Clinica Universidad de Navarra (CUN) in Pamplona and Madrid, Spain, is a private academic and research hospital system listed among the top 50 hospitals in the world according to Newsweek magazine. At CUN, we take care of thousands of patients from more than 50 countries per year. CUN’s distinctive feature is that it has its own hospital information system (HIS), electronic medical record (EMR) system and ancillary systems being developed by a strong IT team for over 30 years. During the pandemic, this has proven to be our main strength.

Tasks and Challenges

Due to the COVID-19 outbreak, the Spanish government declared a state of emergency on 13 March, 2020. The measure allowed the authorities to limit the movement of citizens and ration the use of services in a bid to slow the spread of the coronavirus.

We at CUN, however, had to keep providing medical services to each of our patients, regardless of where they were, with all the available tools. So we put all our IT team to work to achieve this objective as fast as we could.

So far, our biggest work has been in change management, focussed on physician training. We had to make a big effort here. Other tasks have been easier as we had done part of the job before the pandemic and have been more prepared.

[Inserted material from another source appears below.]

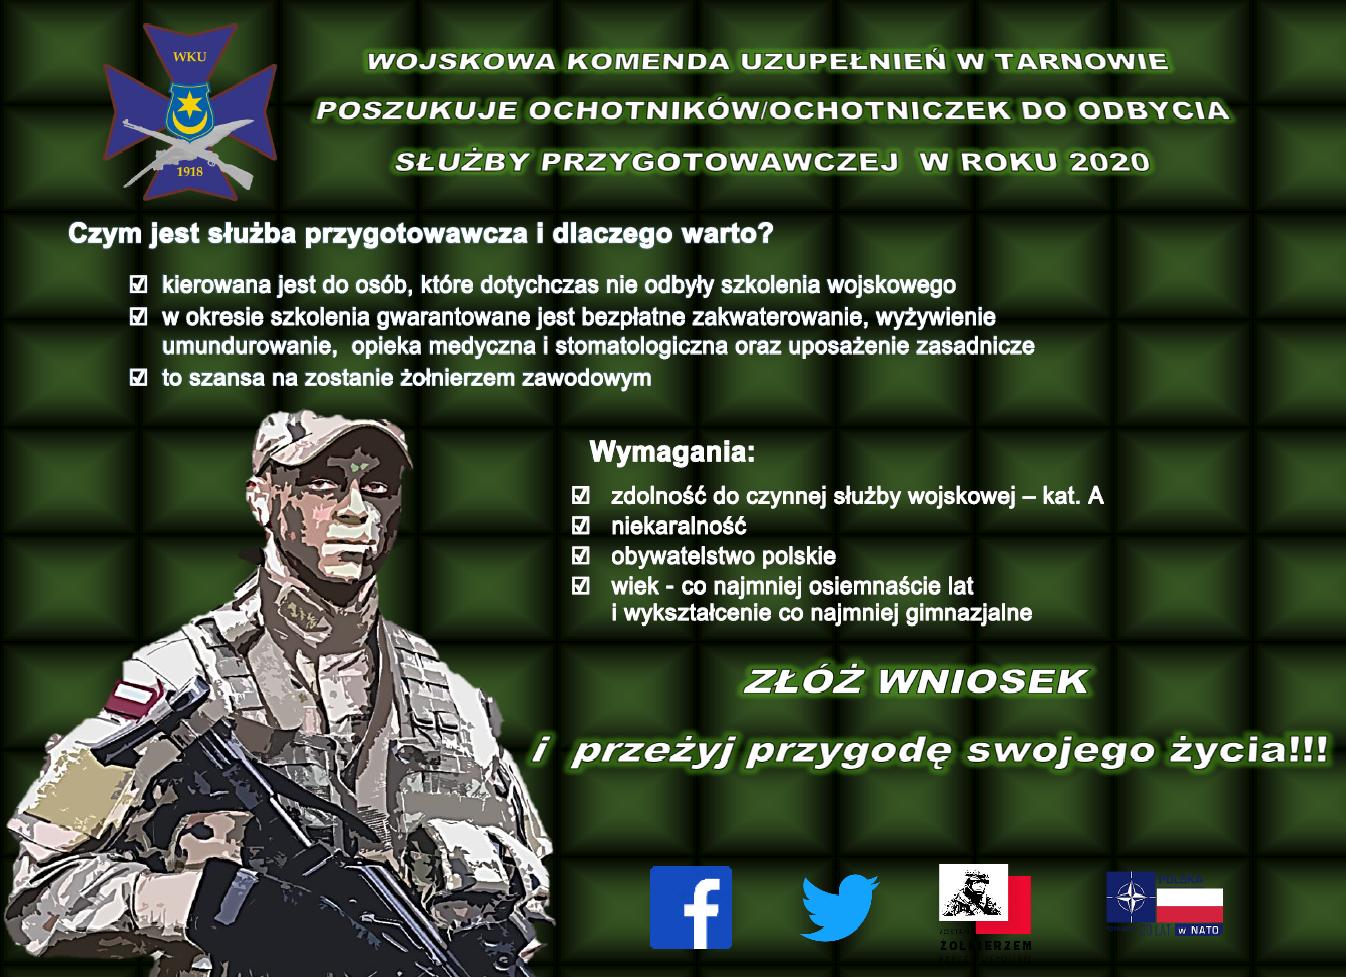 WKU w Tarnowie poszukuje ochotników i ochotniczek do odbycia służby przygotowawczej w roku 2020

We are right now evaluating the outcomes. The main objective was to provide an alternative way to deliver patient consultations. We have just completed a survey among the physicians to better understand the strengths and weakness of virtual consultations, and we are going to work on a strategic plan in order to make virtual consultations part of the services we offer. Also, it is now clear that we should reconsider what a virtual consultation is. At the beginning, we thought that it was only to provide a video call between a patient and a physician, but we discovered it was much more than that. The process starts with the patient getting an appointment and, maybe, needing to send medical information to the physician in a secure way. Or the other way around, the physician needs the patient to fill in some forms. A virtual consultation also does not end when the video call is over as some drugs may need to be prescribed or nursing department may need to be informed of the patient follow-up.

We have discovered that, in order to achieve the excellence we want, there are many tasks to be done.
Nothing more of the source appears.